The first football Sunday occurred after President Trump threw down the gauntlet concerning football player protests during the National Anthem. Just as the president planned, many players joined the protests by kneeling during the salute to the American flag. According to the AP, fans at stadiums booed and yelled for the players to get to their feet. Others cheered. In a million living rooms across the country, emotions ran high, likely mostly negative. The day resulted in bizarre behavior, instances of courage, and acts of ignominy.

Some stood and some did not

The protests were not universal. Neither the Houston Texans nor the Dallas Cowboys participated. The Pittsburgh Steelers hid in their locker room in an attempt to avoid the controversy altogether. The team just brought more ire upon itself when Army veteran Alejandro Villanueva defied his coach and walked out to the field anyway and stood, with his hand over his heart, when the National Anthem was played. Social media and cable television were both on fire with people arguing about the issue, often very heatedly.

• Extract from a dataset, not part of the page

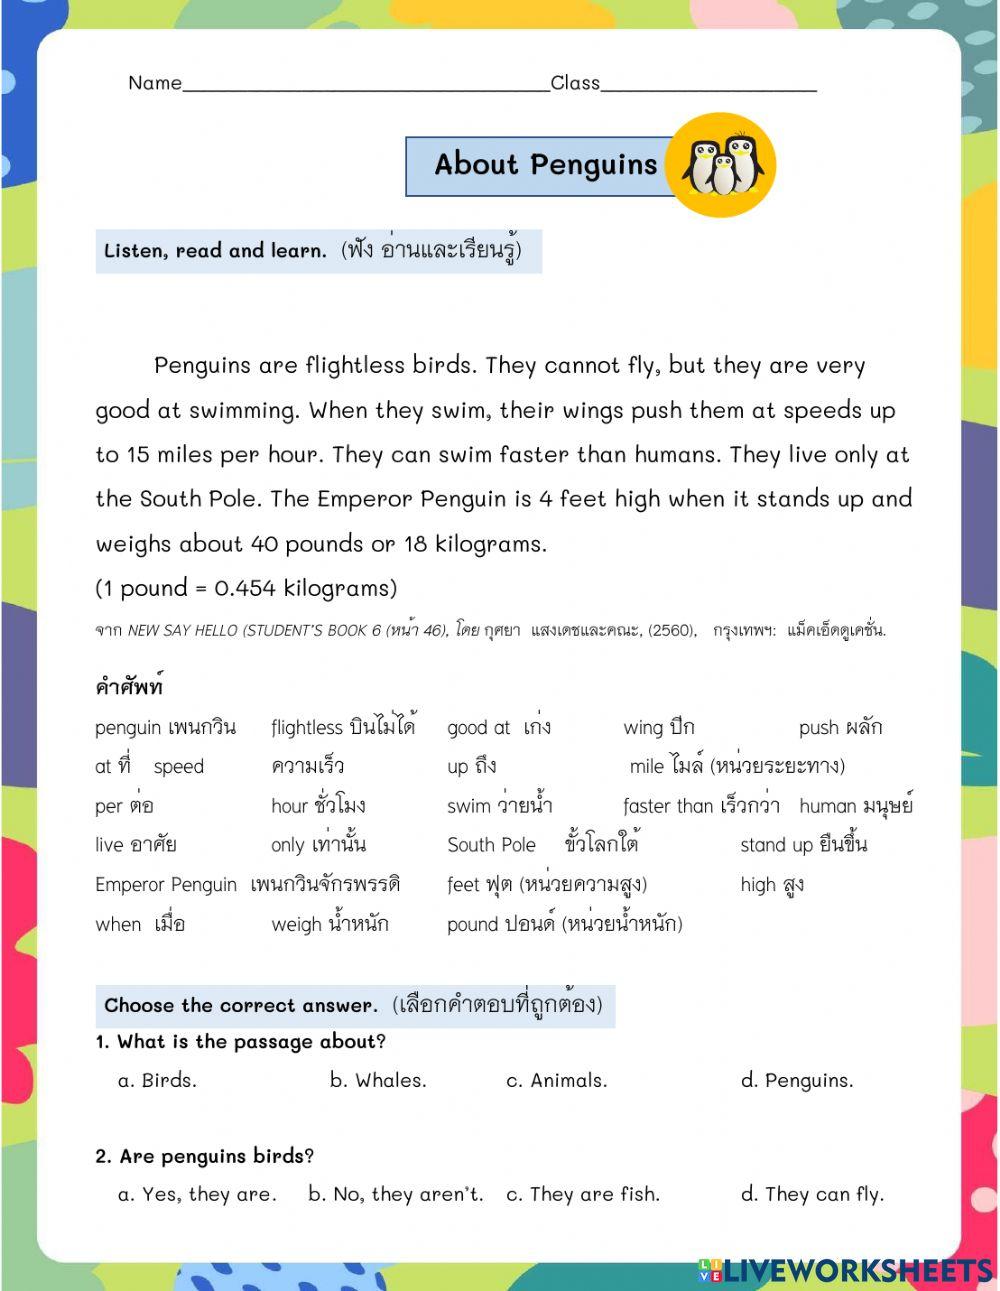 About Penguins
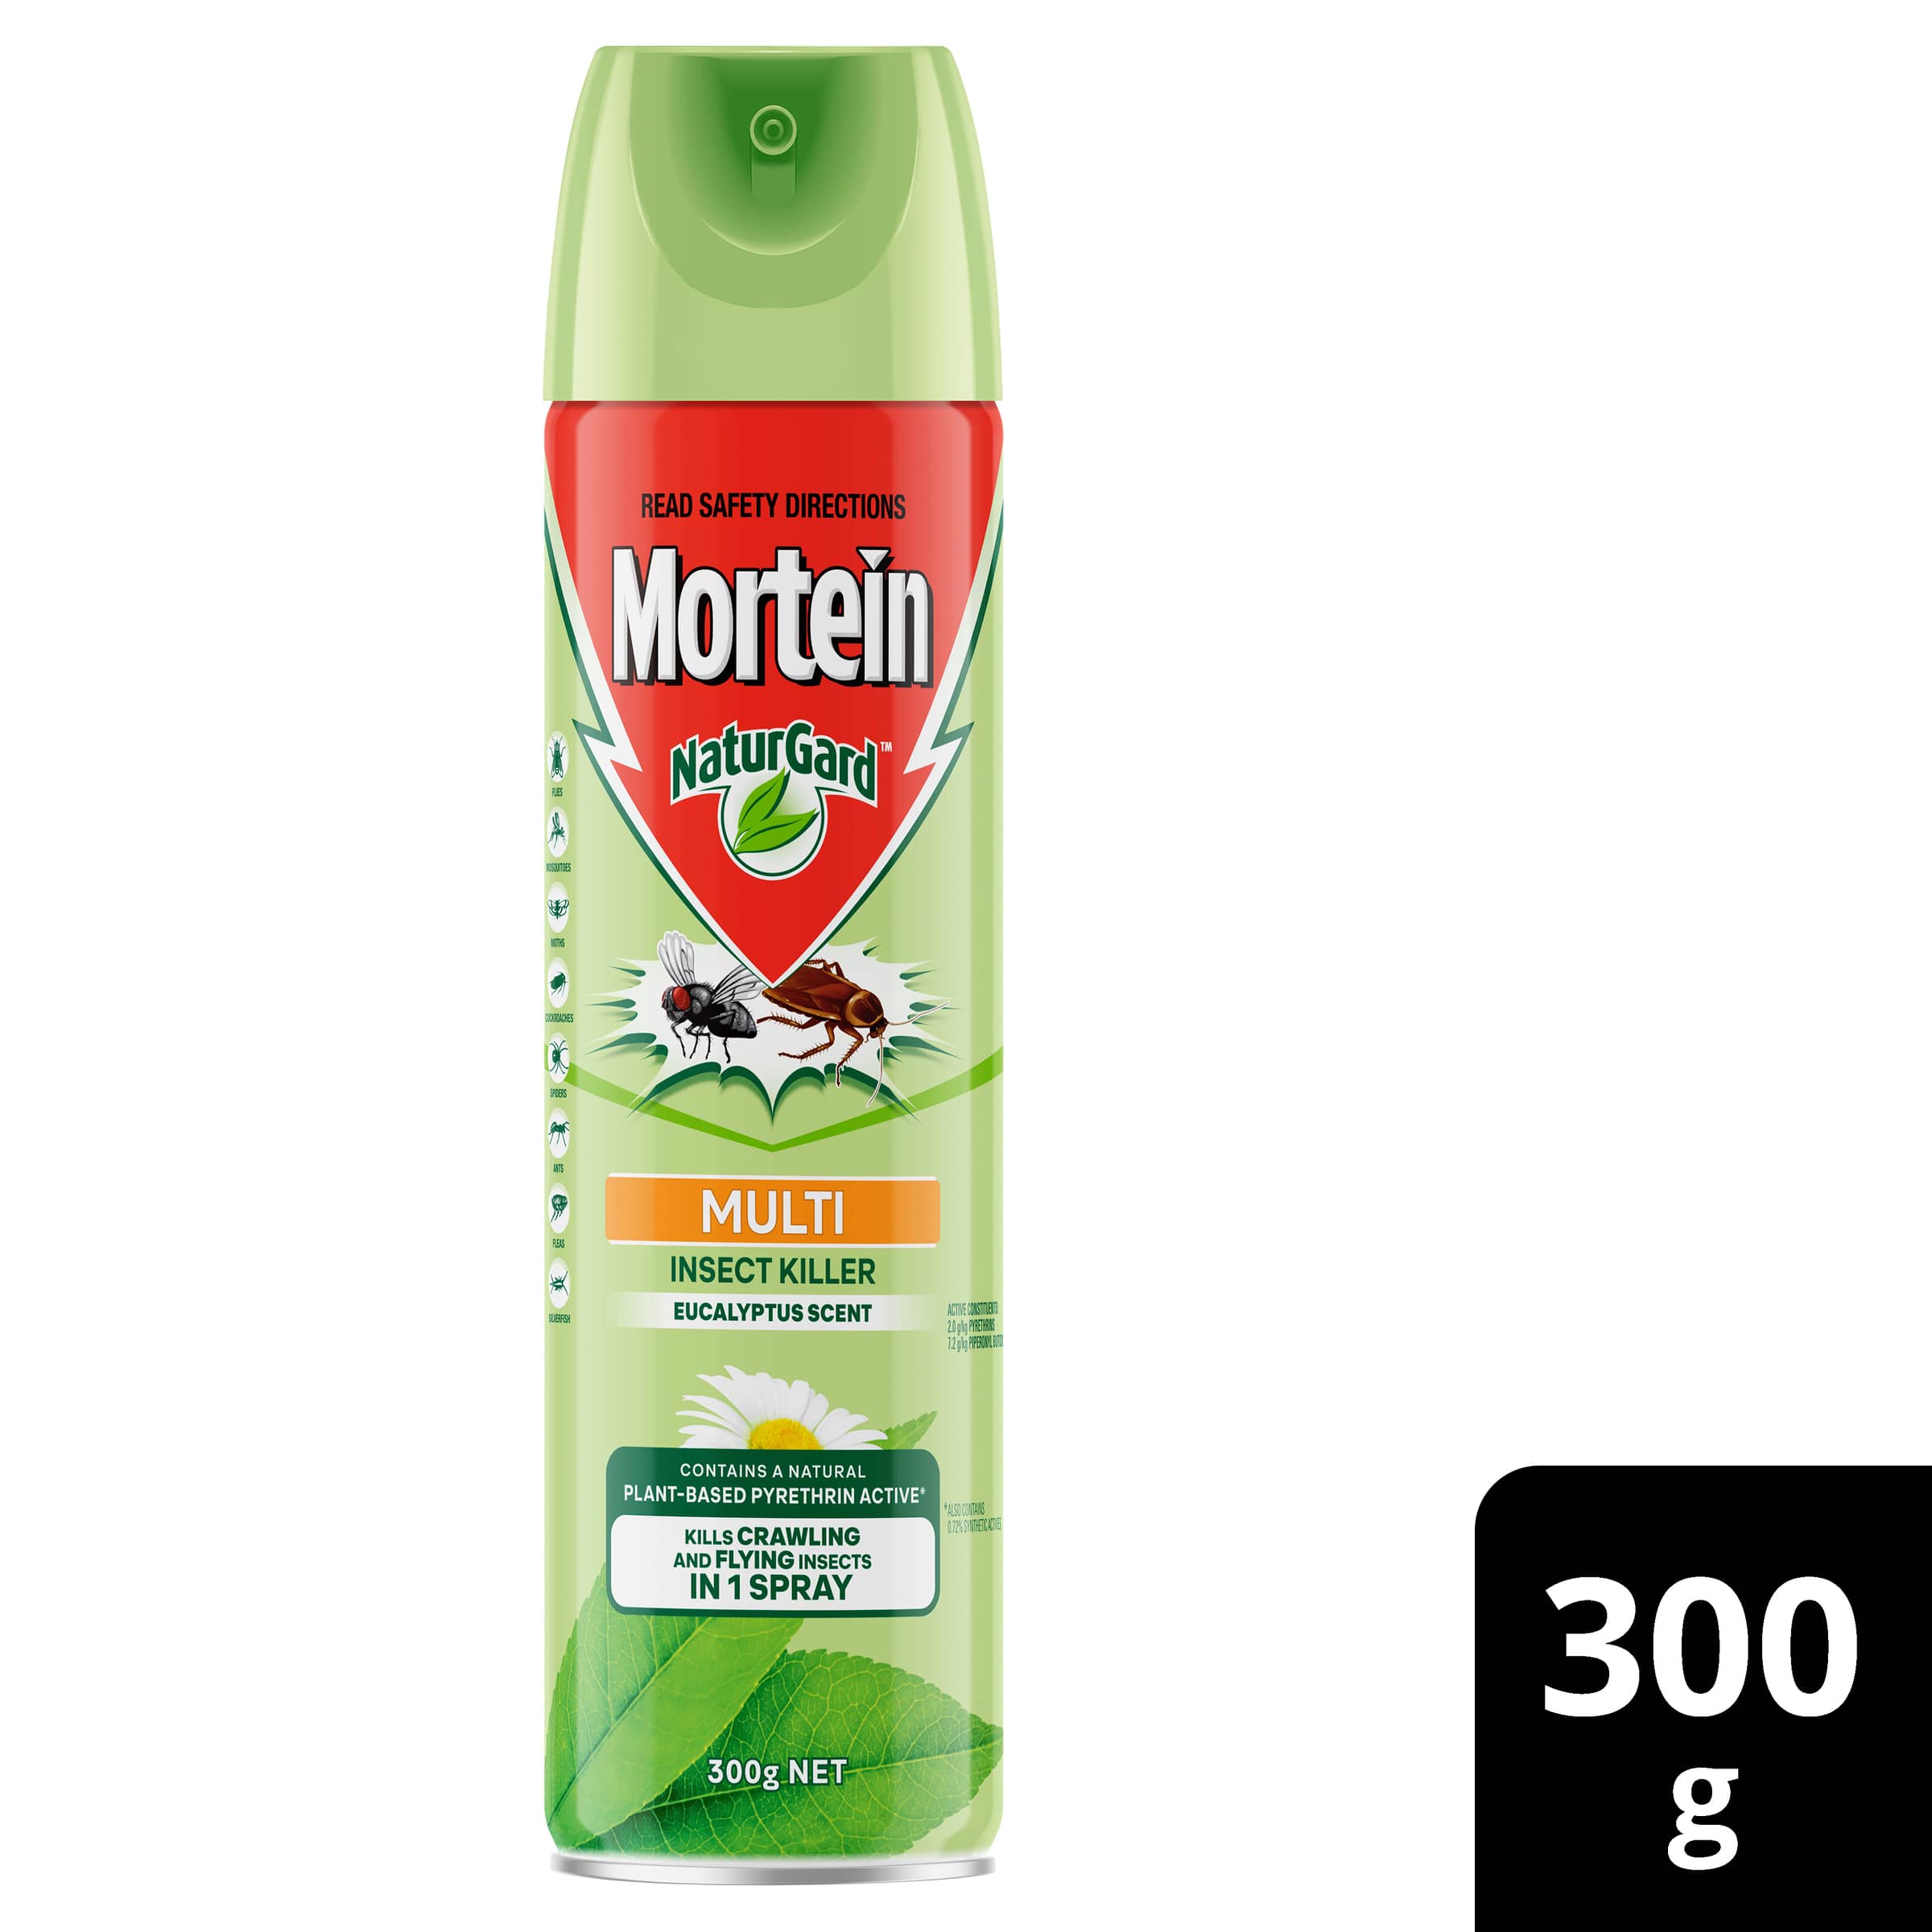 Mortein Naturgard Multi Insect Killer 300g

The controversy continued on talk radio the next day.

The most futile and aggravating protests in a long time

Whatever the kneeling players thought they were doing, they were sending a far different, darker message to the world, according to Michael Brendon Dougherty at the National Review.

The players may think they were protesting inequality, racism, or Trump, or were kneeing in solidarity with their teammates. Millions of people, however, perceived the protests as being against the American flag, against the United States, and even against them personally for voting for Trump or being patriots. The catastrophe for the NFL and for Americans who feel increasingly divided was complete.

Who is to blame?

On one side, a group of entitlement addled millionaires who think they have the right to hijack professional sports games for their private political piques is to blame. So is the NFL, which has been somewhat picky about what speech it tolerates and what it comes down on. Last year the League threatened to fine players who wanted to wear specially designed footwear honoring 9/11 first responders.

The notion that the NFL has been taken over by social justice warriors was inescapable.

The president of the United States does not escape blame either. To be sure, the players knelt right into the trap he set. They might have refused to concede the flag and the National Anthem to Trump, but they did not. However, the president might have used the occasion to try to unify the country. Instead, to turn on its head, the slogan employed by President George W. Bush, he chooses to be a divider, not a uniter, mores the pity.